Melda Bağdatlı Translation: Deniz Candaş

Researchers at UCL Institute for Sustainable Heritage carried out an interesting project. They have created something called “Historic Book Odour Wheel” as part of an experiment in their study on smells of the past. The results of this experiment carried out with the visitors to St. Paul's Cathedral's Dean and Chapter library in London were recently published.

When the visitors were asked how the library smelled, the leading answer turned out to be “woody” stated by 100% of the visitors. Other responses that followed were 'smoky' (86%), 'earthy' (71%), and 'vanilla' (41%). About 70% of the visitors described the smell as pleasant, 14% as mildly pleasant, and 14% as neutral.

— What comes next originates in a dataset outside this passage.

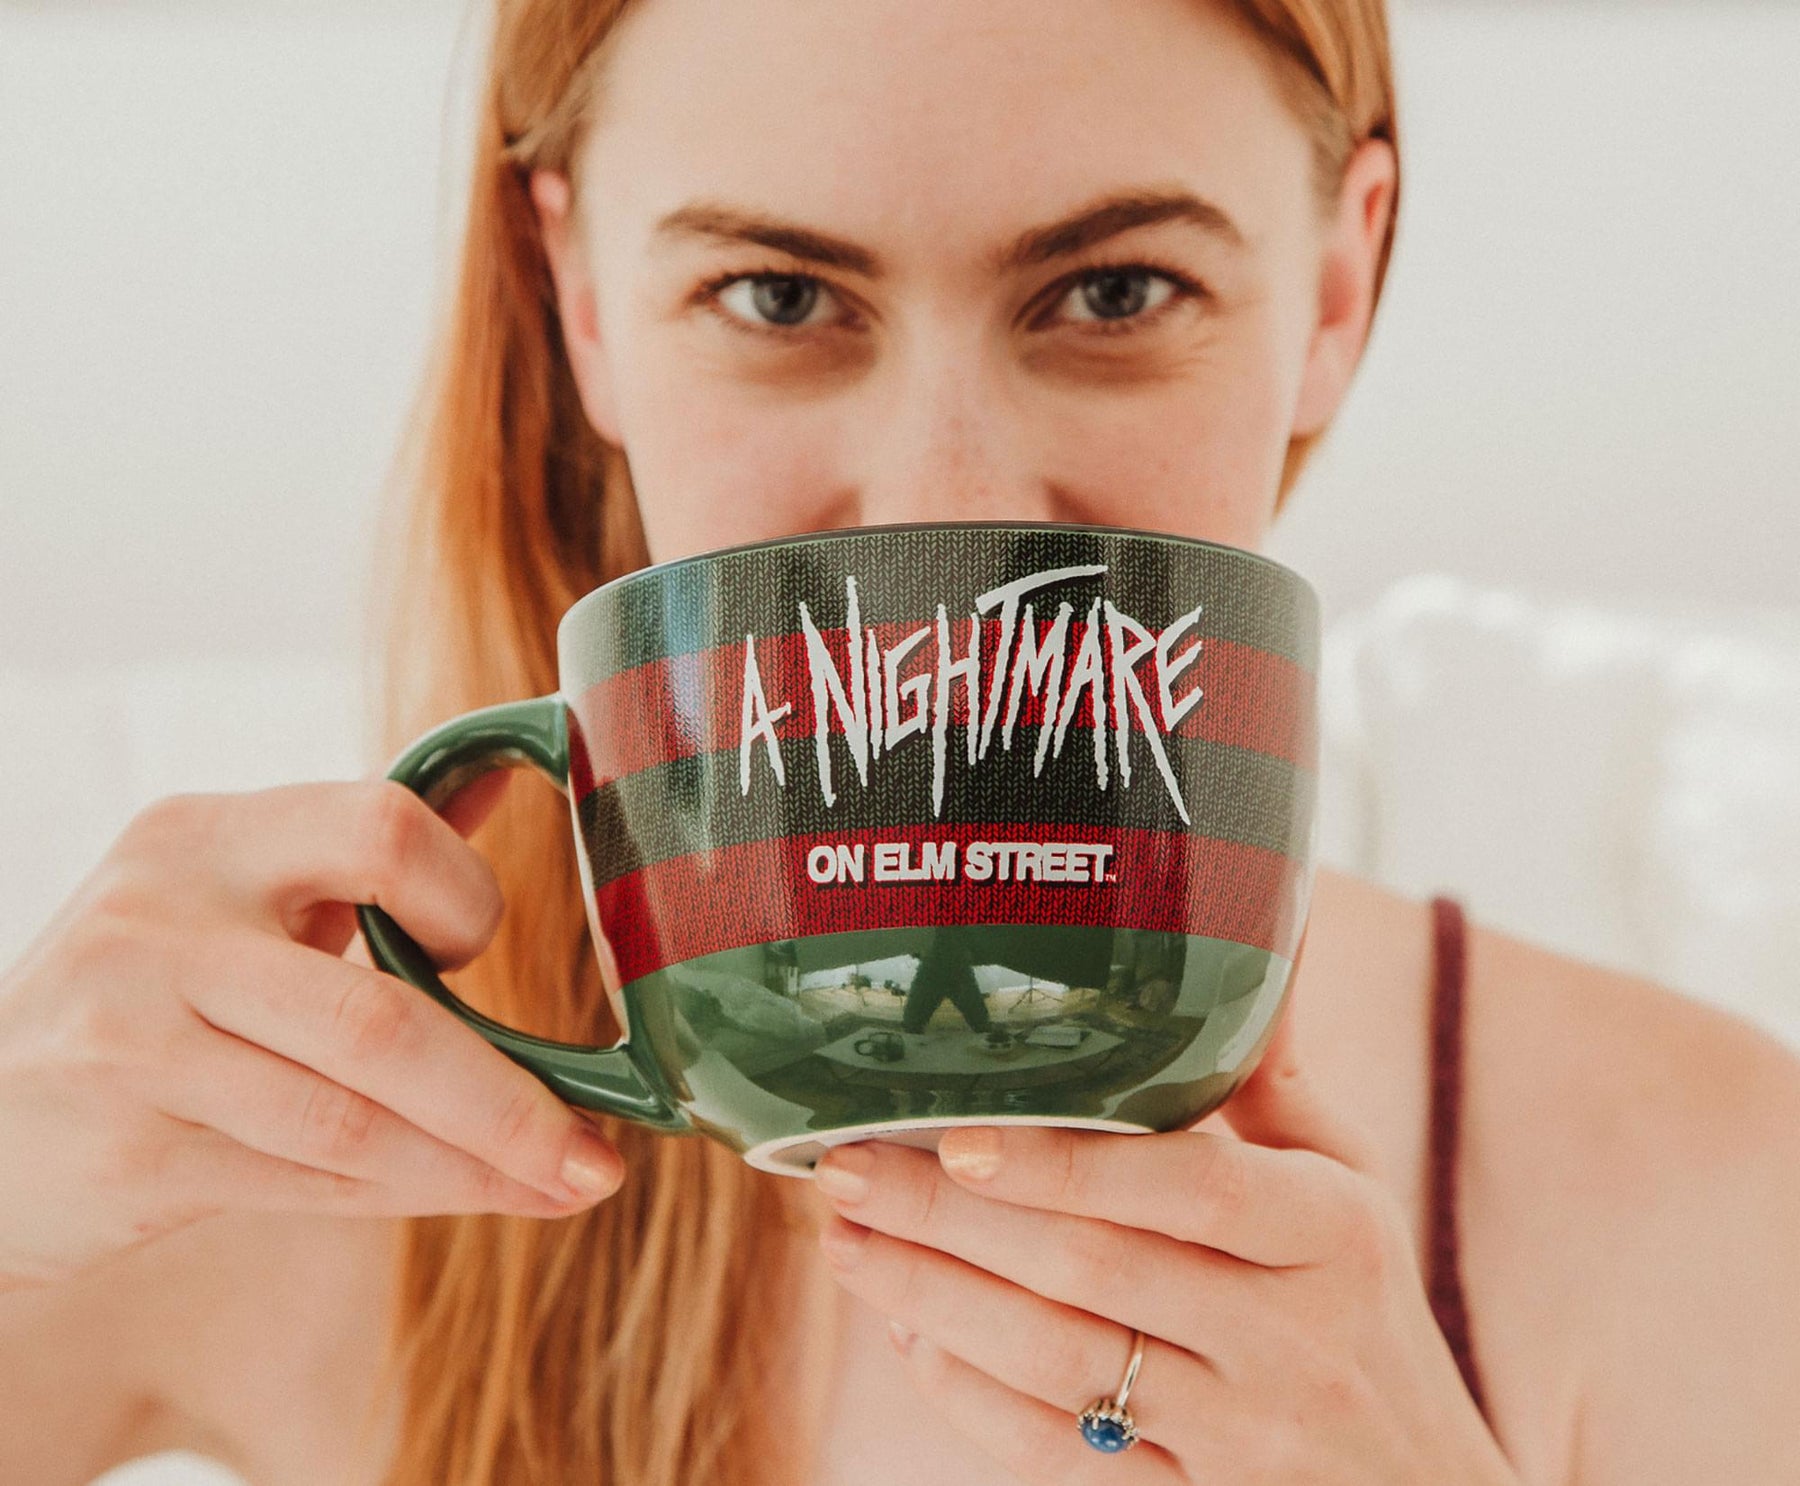 A Nightmare on Elm Street Sweater Claws Ceramic Soup Mug | Holds 24 Ounces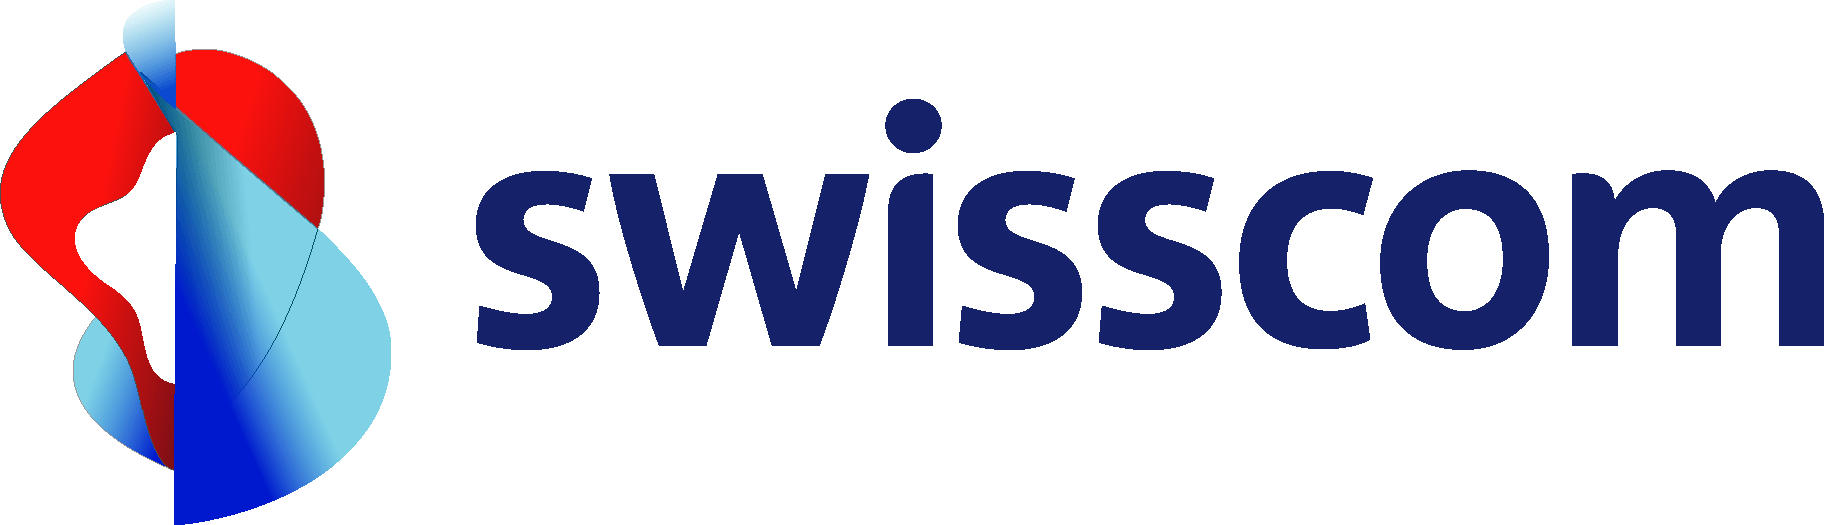 Swisscom Logo png

In another experiment, researchers asked the visitors of the Birmingham Museum and Art Gallery to describe the smell of an anonymous book from 1928 they obtained from a second-hand bookshop in London. Descriptions included chocolate or chocolatey, as well as coffee, old, wood and burnt. Some visitors even resembled the book’s odour to the smell of fish, human body, worn socks and mothballs.

Smelling museums are not far

Cecilia Bembibre of UCL, corresponding author of the study states “The role of smells in how we perceive heritage has not been systematically explored until now.” Researchers also conducted chemical analyses on volatile compounds sampled from the books to find out whether it may be possible to identify and preserve smells as part of our cultural heritage. Findings from these analyses, coupled with the descriptions provided by the visitors have made it possible to create the “Historic Book Odour Wheel”.

Researchers claim that it may as well be possible to recreate certain smells and hence the ambiances, helping the design of olfactory experiences in museums, allowing visitors to personally experience and understand what the past smelled like.